* TASK DIRECTIONS: Copy the lines below, please, starting with the one that contains "White Pumpkin Picture. Download Free Image" and ending with the last. Pictures stay out.

* SUPPLIED DATA:
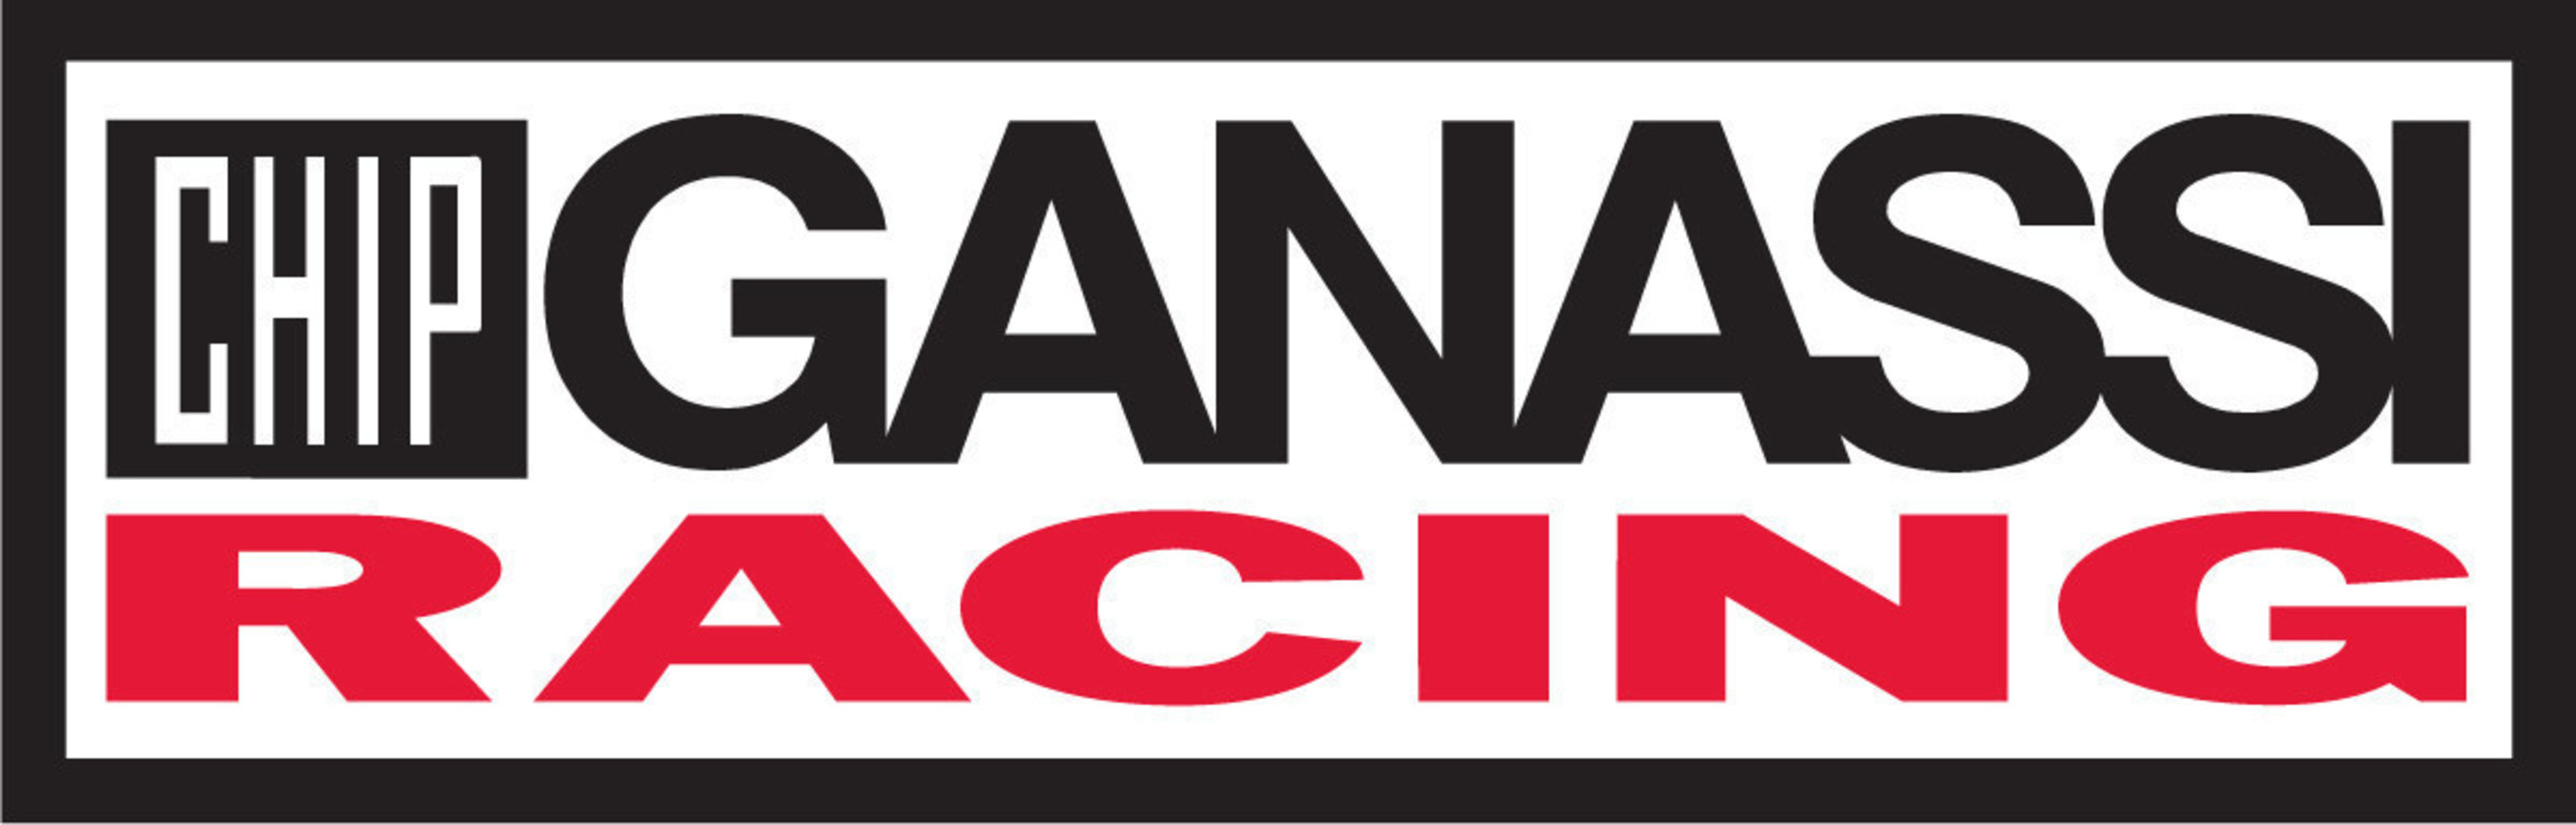 Chip Ganassi Racing.jpg
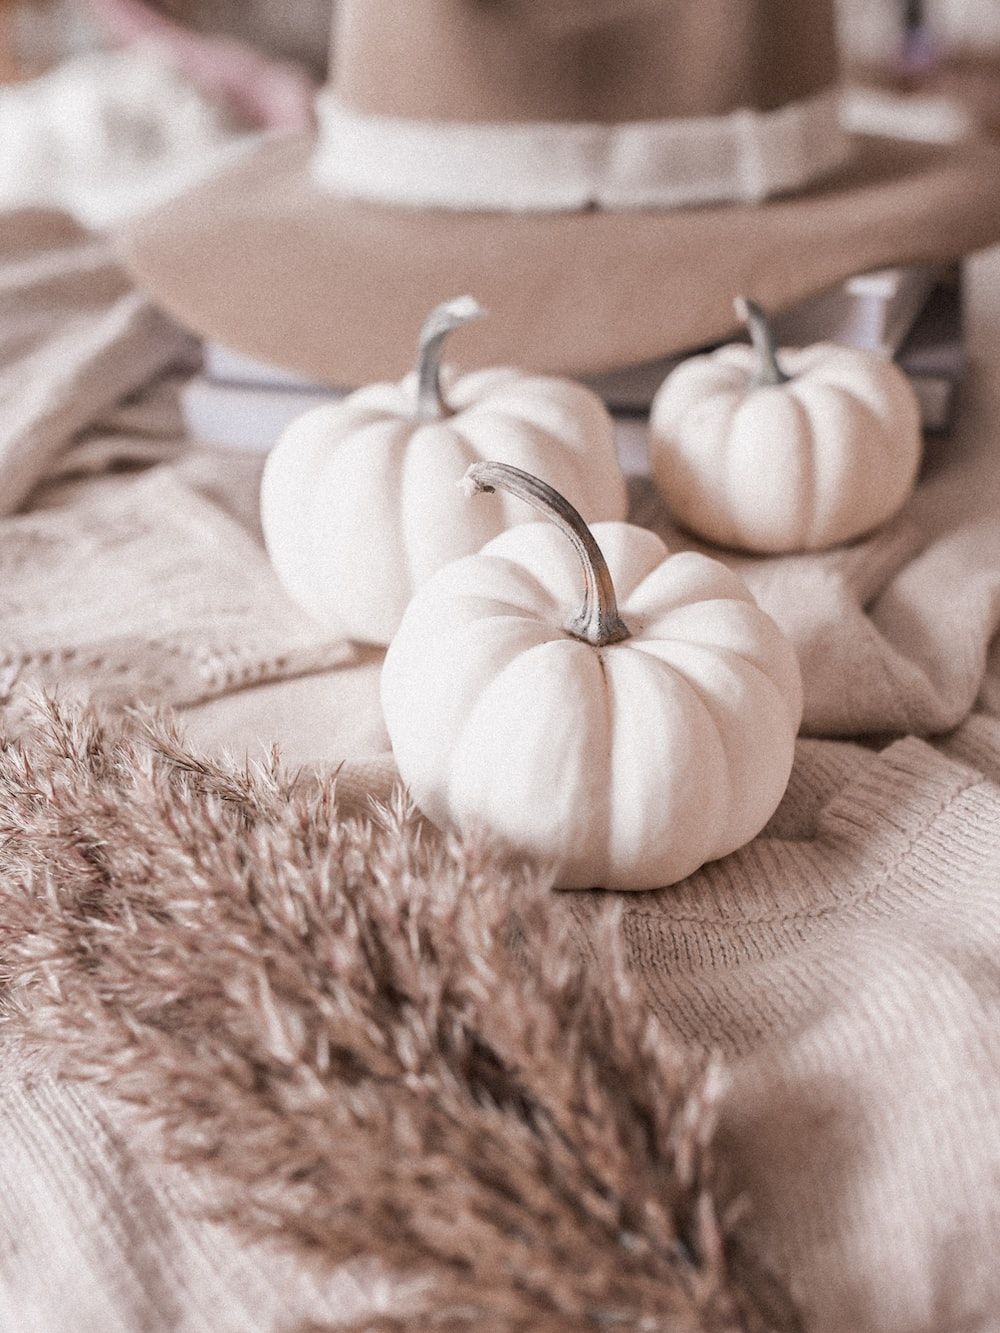 White Pumpkin Picture. Download Free Image
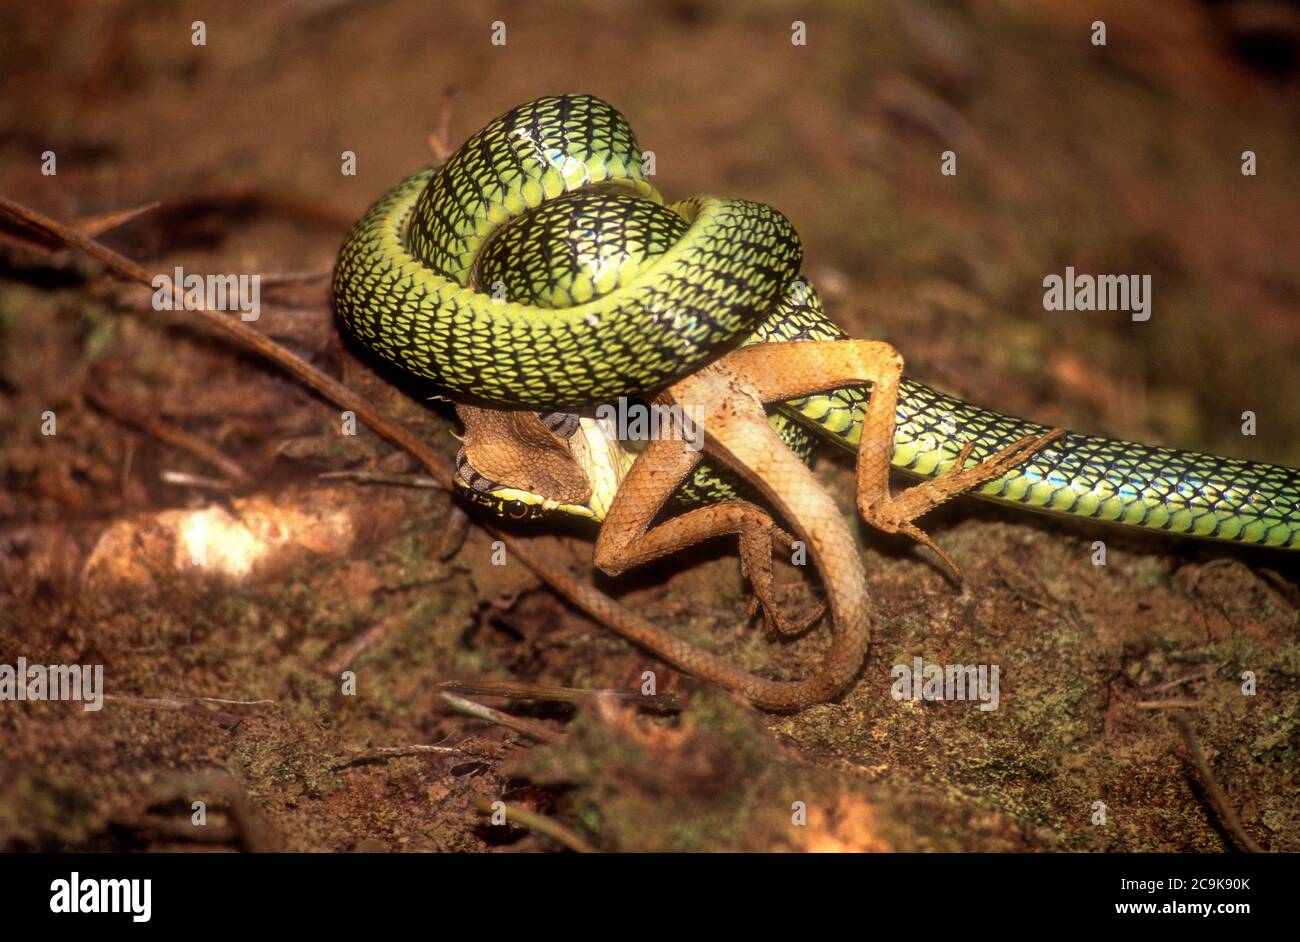 Red Tailed Racer Snake Gonyosoma Oxycephalum Eating Brown Lizard Phang Nga Thailand Se Asia Stock Photo Alamy

* REPLY TO THE TASK:
 White Pumpkin Picture. Download Free Image
 Red Tailed Racer Snake Gonyosoma Oxycephalum Eating Brown Lizard Phang Nga Thailand Se Asia Stock Photo Alamy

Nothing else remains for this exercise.